Your goal ▸ Exactly repeat all the records below, omitting the images they hold.

Data for this task ▸
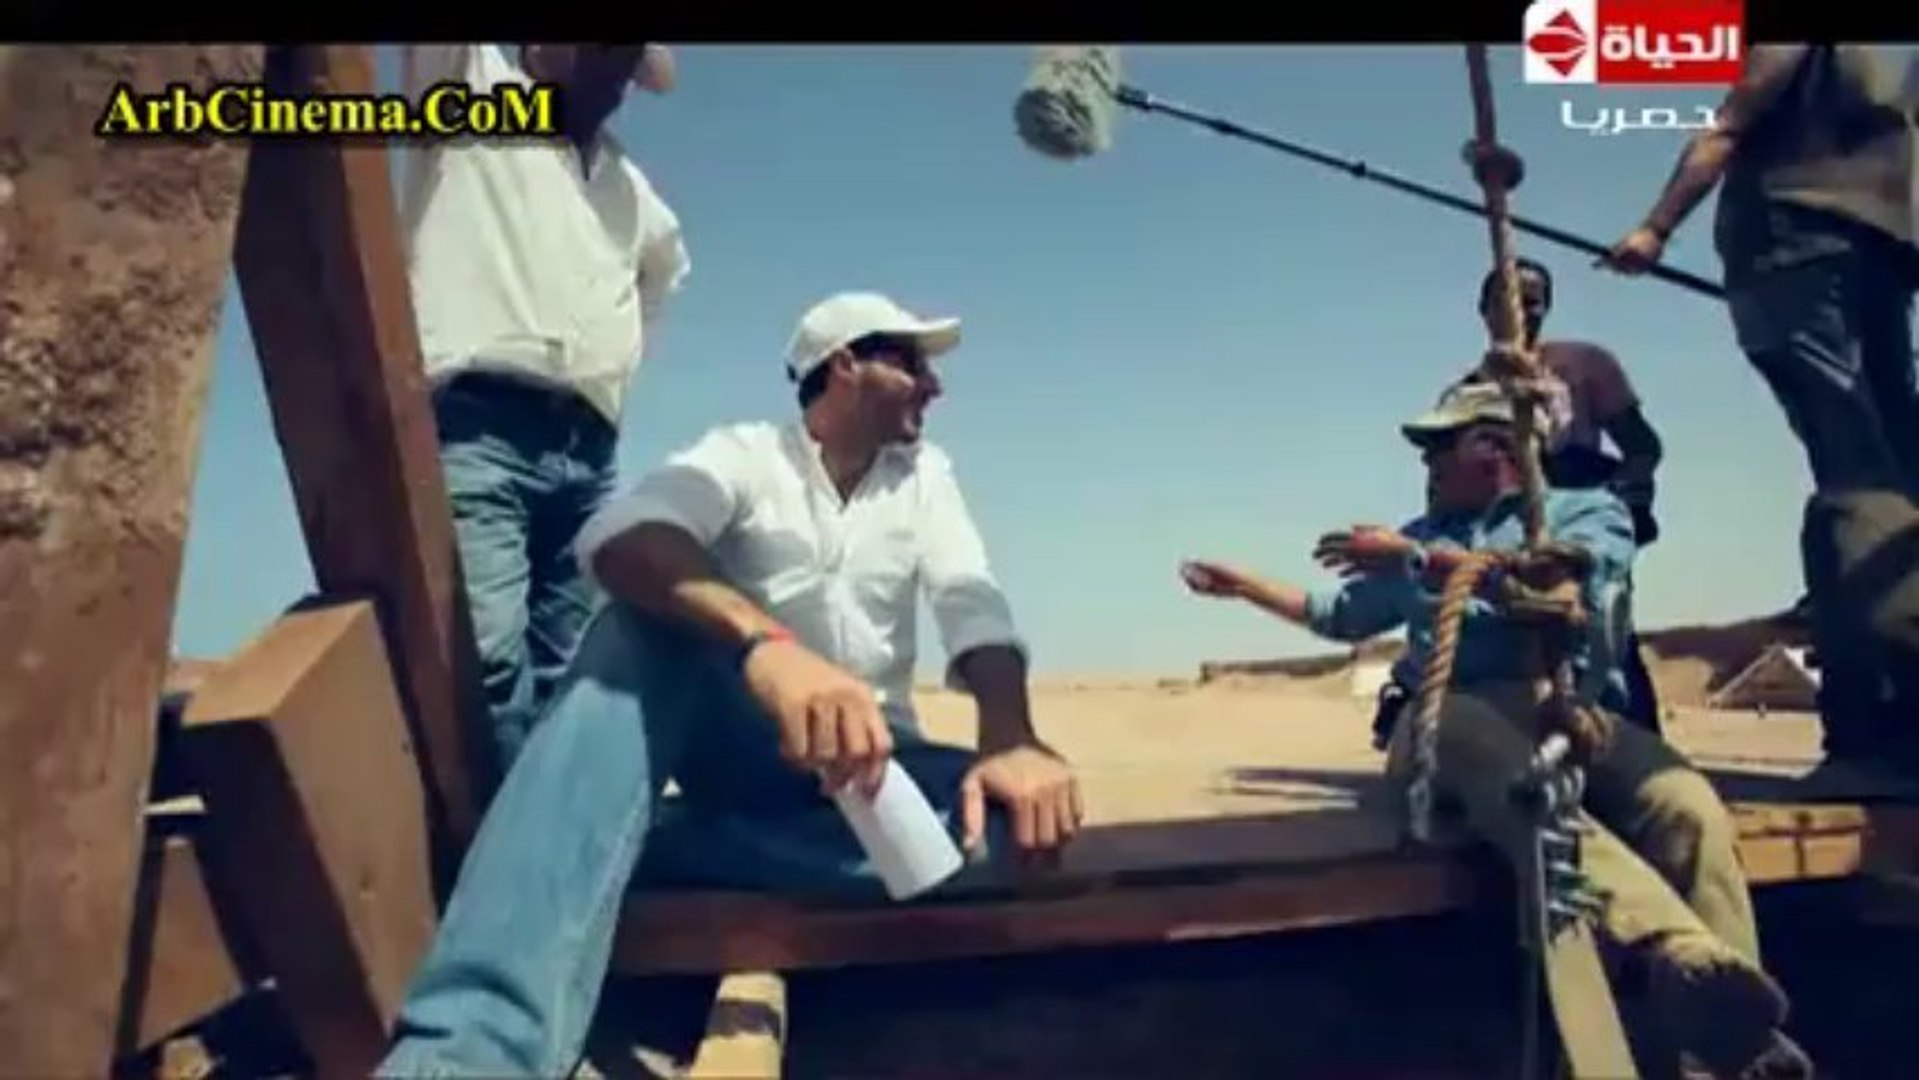 رامز عنخ امون الحلقة الـ 18 - احمد السعدني - video Dailymotion
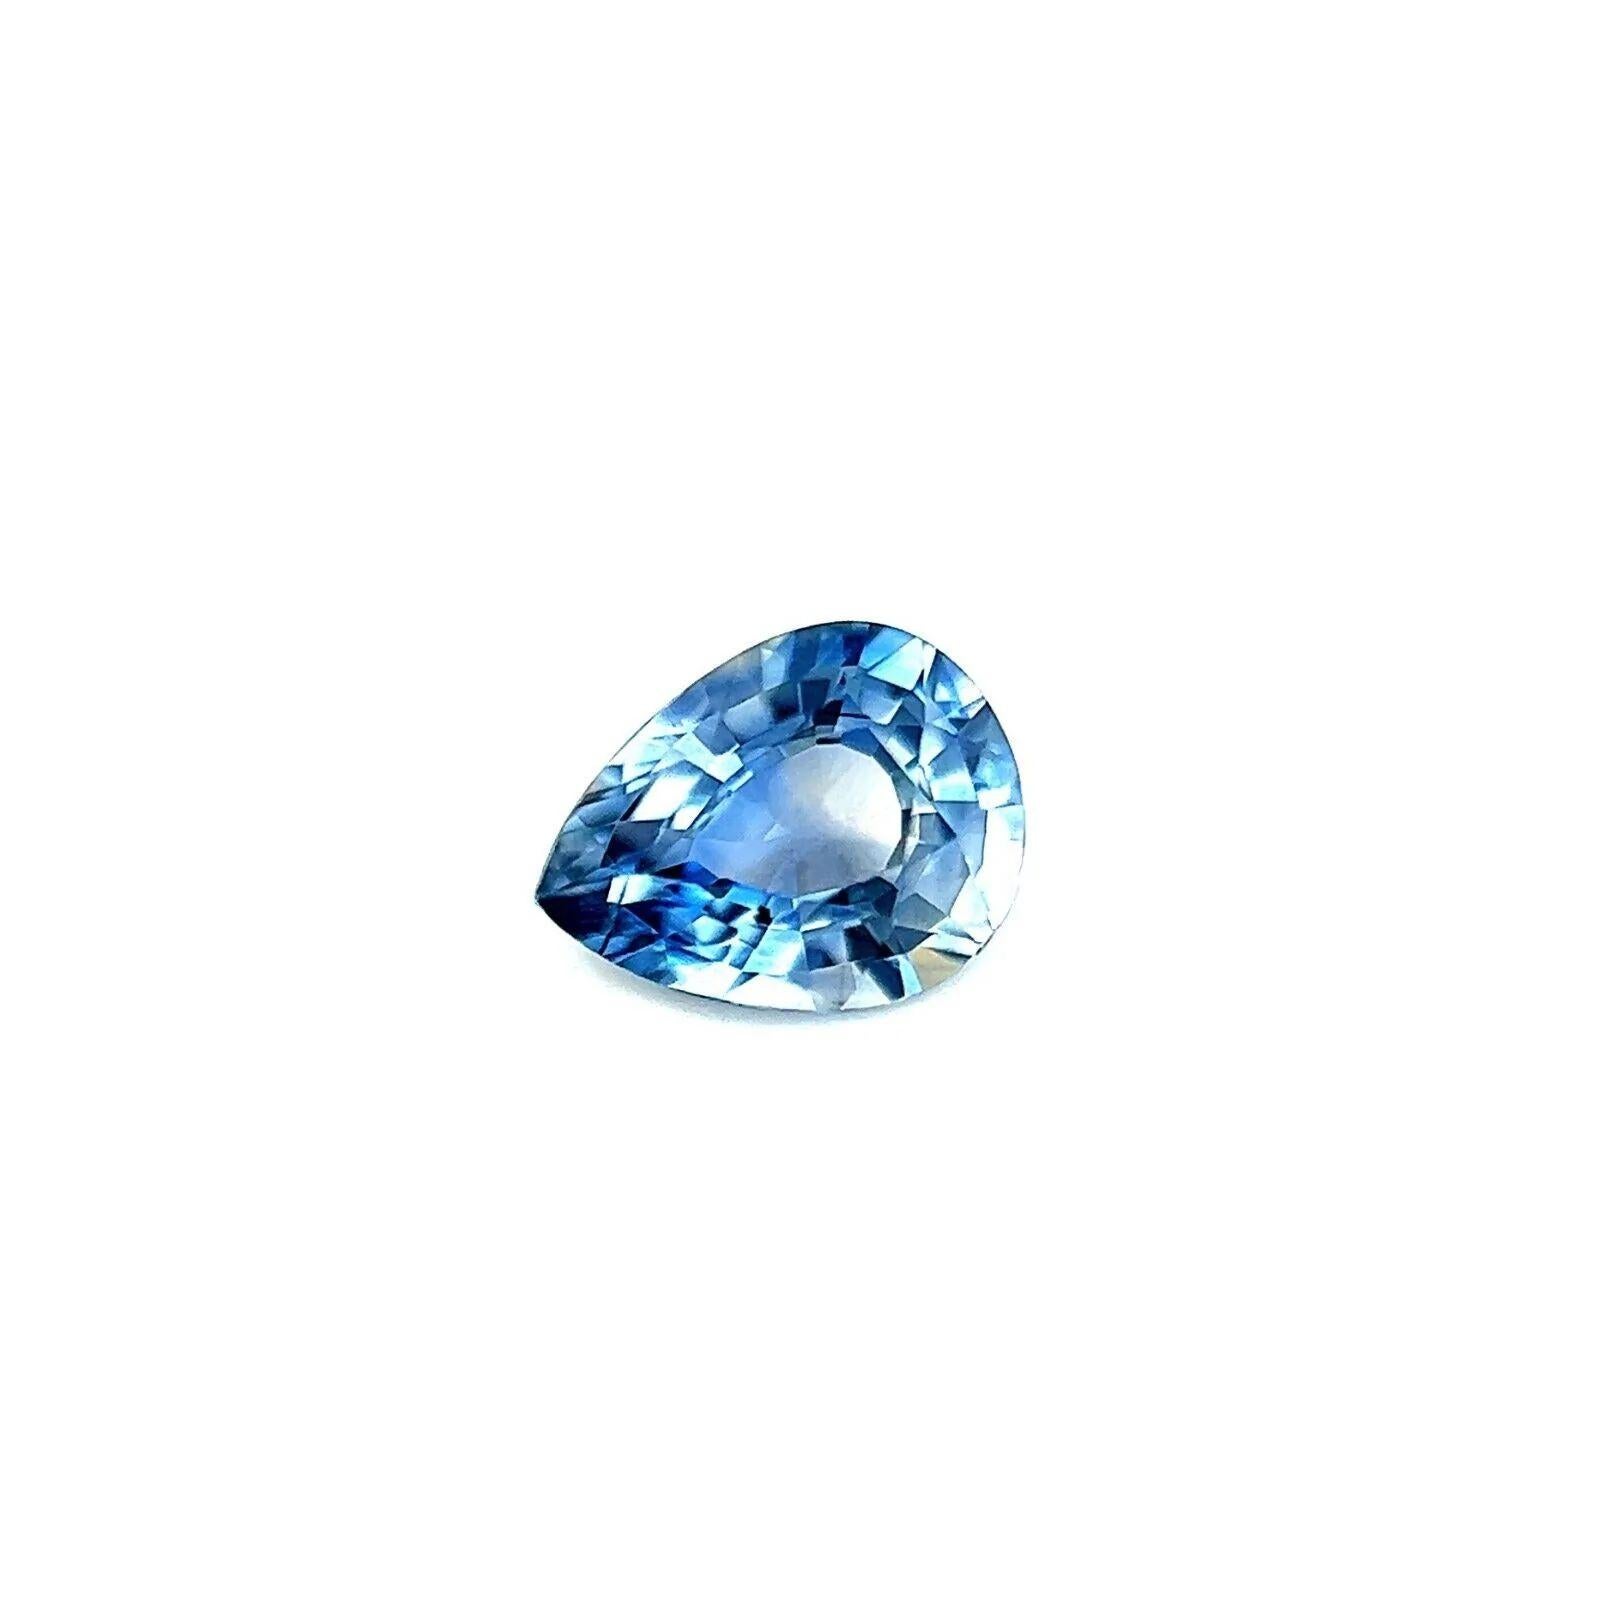 Saphir non traité bleu verdâtre 0,72 carat taille poire 6 x 4,8 mm Vvs Gem

Saphir vert bleu clair naturel non traité.
0,72 carat, d'une belle couleur bleu-vert, avec une excellente taille en poire et un polissage idéal pour montrer une grande
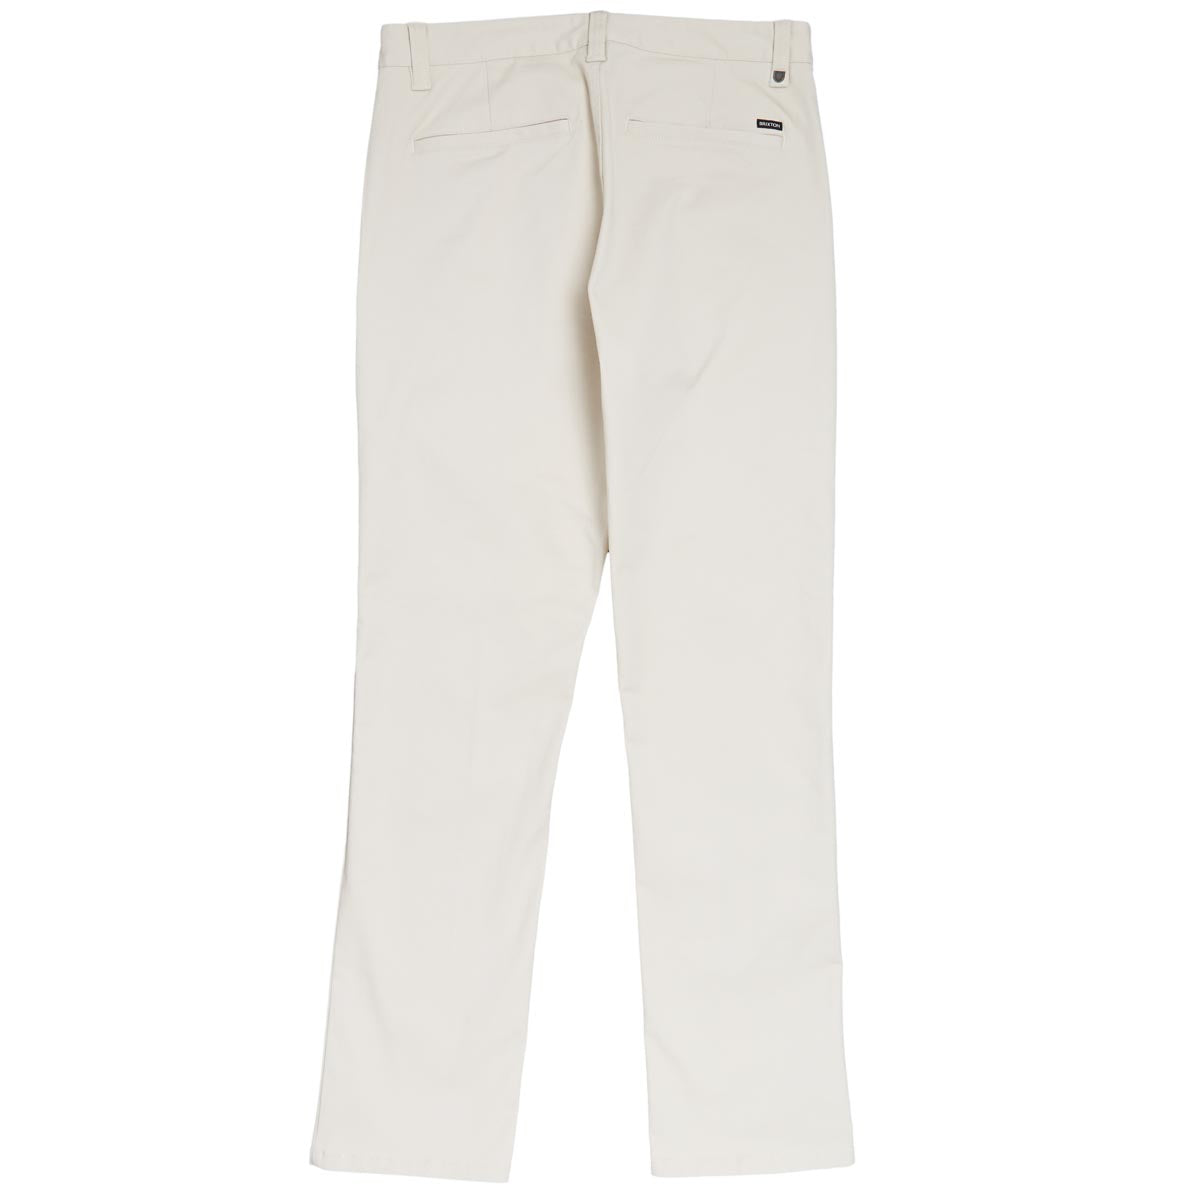 Brixton Choice Chino Regular Pants - Whitecap image 2
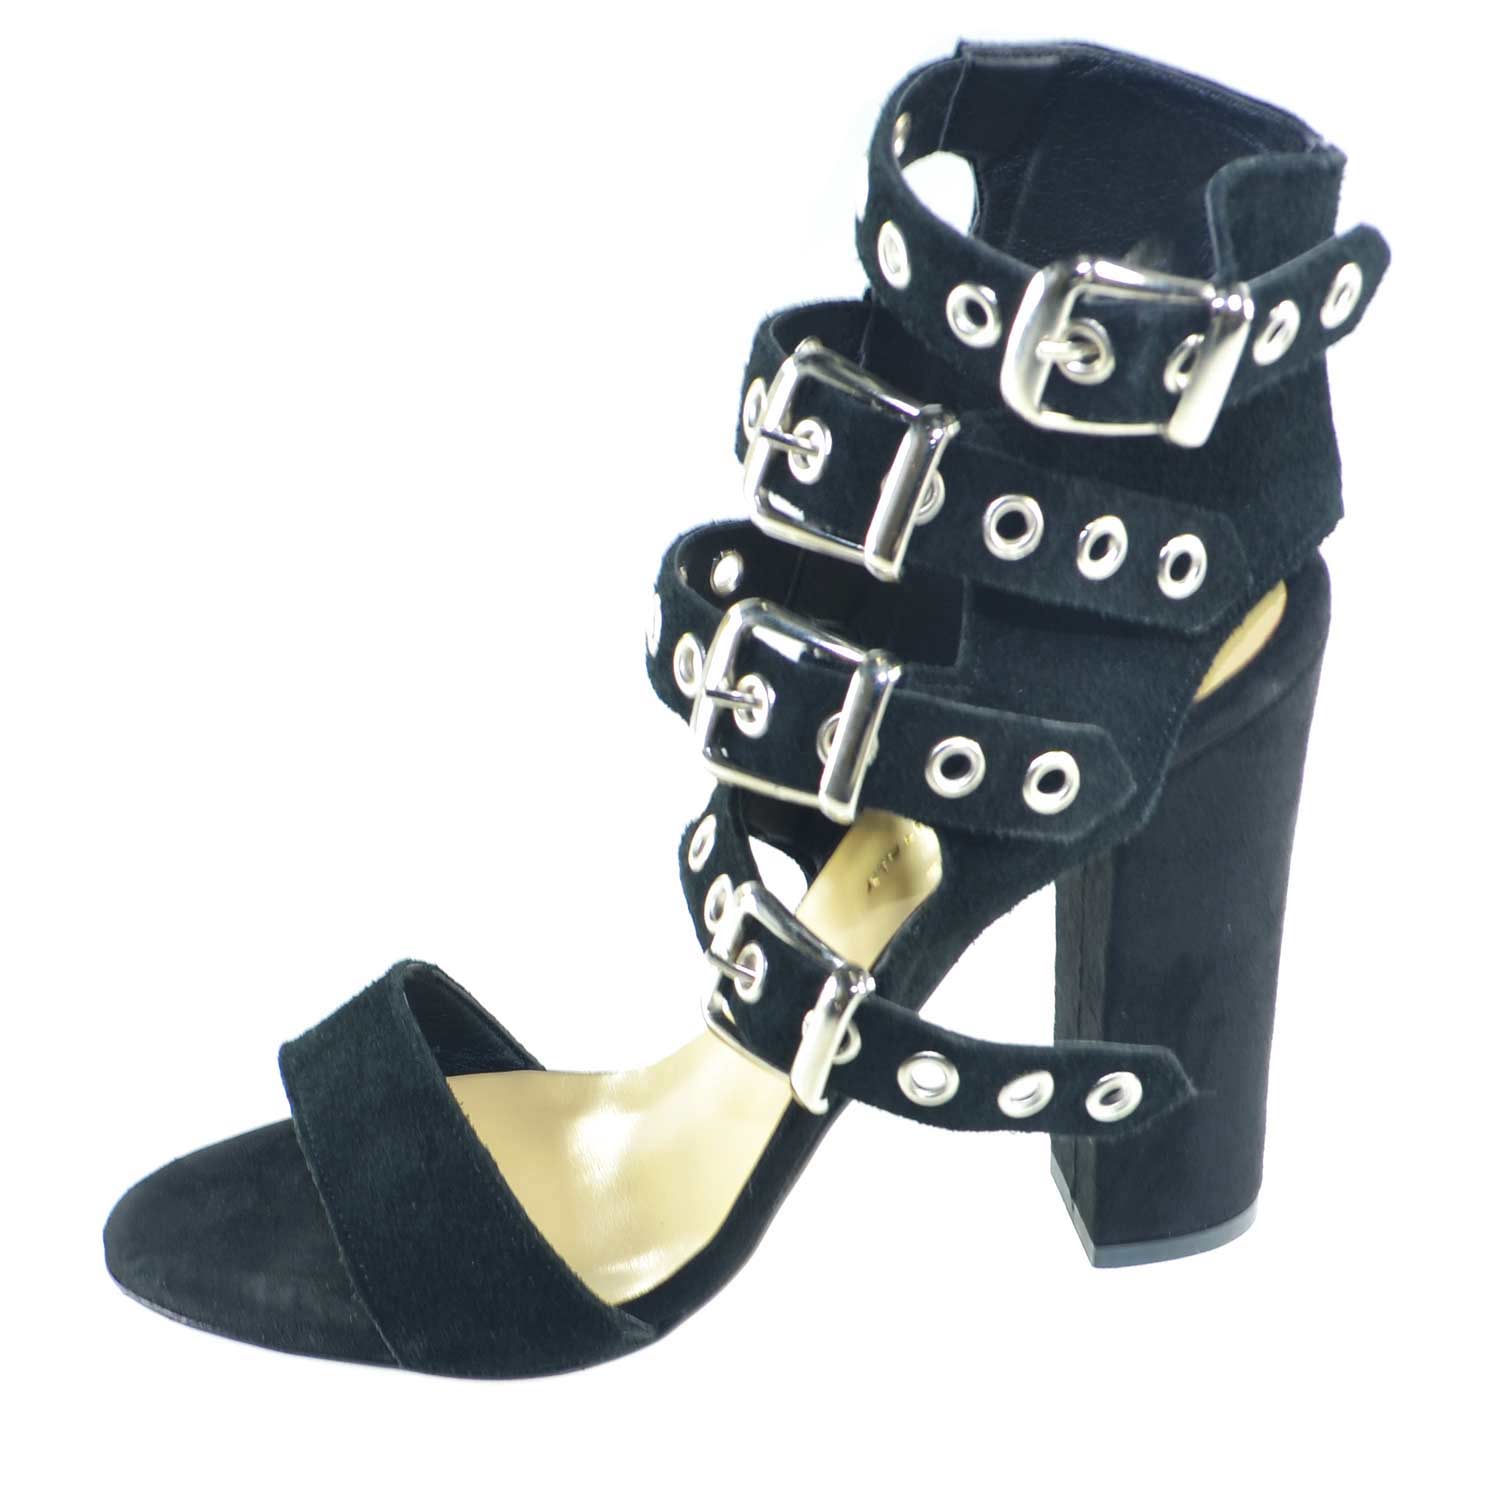 Sandali tacco doppio nero art.st9094 made in italy accessori fibbia argento camoscio moda comfort fondo antiscivolo

Answer to the problem ▸
 رامز عنخ امون الحلقة الـ 18 - احمد السعدني - video Dailymotion
 Saphir non traité bleu verdâtre 0,72 carat taille poire 6 x 4,8 mm Vvs Gem

Saphir vert bleu clair naturel non traité.
0,72 carat, d'une belle couleur bleu-vert, avec une excellente taille en poire et un polissage idéal pour montrer une grande
 Brixton Choice Chino Regular Pants - Whitecap image 2
 Sandali tacco doppio nero art.st9094 made in italy accessori fibbia argento camoscio moda comfort fondo antiscivolo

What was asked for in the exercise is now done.